You can read about those performance optimizations in Scaling an ML Feature Store From 1M to 1B Features per Second.

But ShareChat — an Indian leader in a globally competitive social media market — is always looking to optimize. After reaching this scalability milestone, the team received a follow-up challenge: reducing the feature store’s costs by 10X (without compromising performance, of course).

David Malinge, a Sr. Staff Software Engineer at ShareChat, and Ivan Burmistrov, then Principal Software Engineer at ShareChat, shared how they approached this new challenge in a keynote at Monster Scale Summit 2025. Watch the complete talk, or read the highlights below.

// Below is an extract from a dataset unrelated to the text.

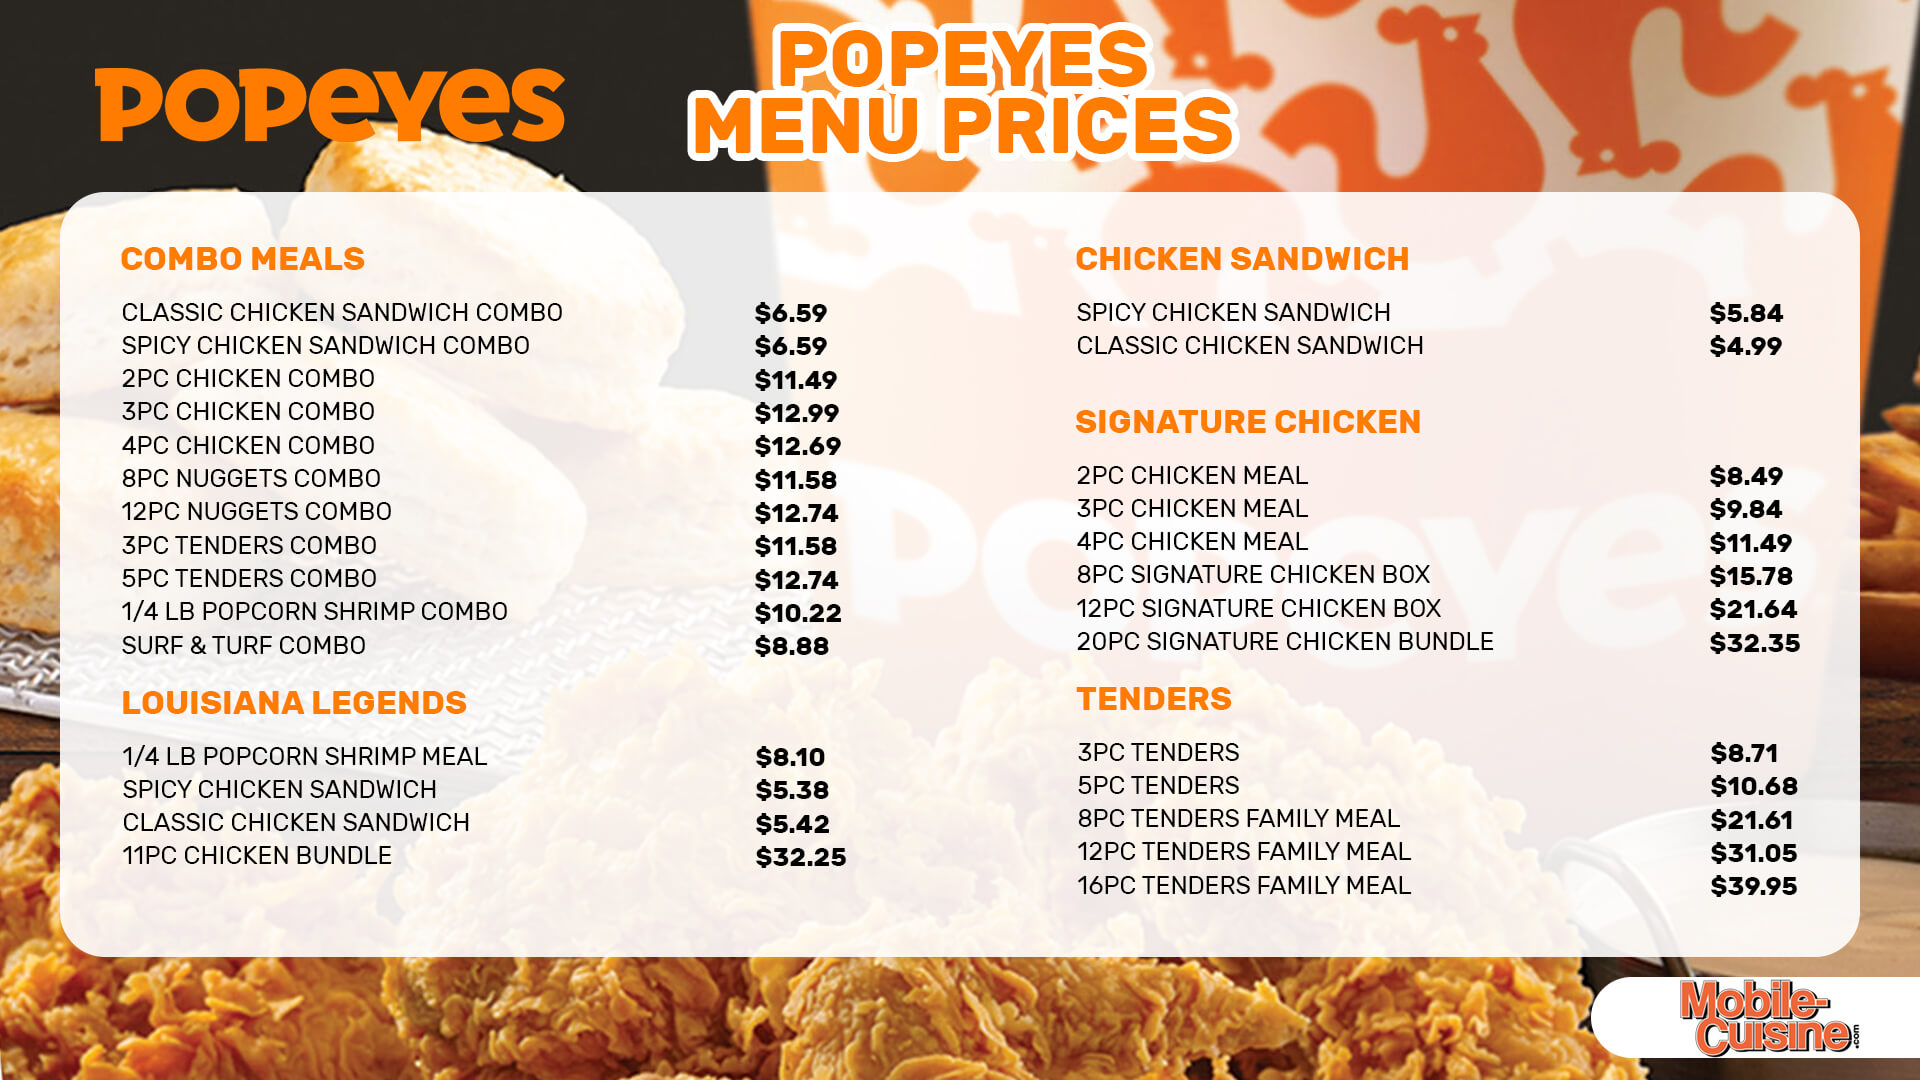 Popeyes menu prices

About Monster Scale Summit: It is a free, virtual conference on extreme-scale engineering, with a focus on data-intensive applications. Learn from leaders like antirez, creator of Redis; Camille Fournier, author of The Manager’s Path and Platform Engineering; Martin Kleppmann, author of Designing Data-Intensive Applications and more than 50 others, including engineers from Discord, Disney, Pinterest, Rivian, Datadog, LinkedIn, and UberEats. ShareChat will be delivering two talks this year. Register and join us March 11-12 for some lively chats.

Background

ShareChat is one of the largest Indian media networks, with more than 300 million monthly active users. The app’s popularity stems from its powerful recommendation system, which is powered by its feature store.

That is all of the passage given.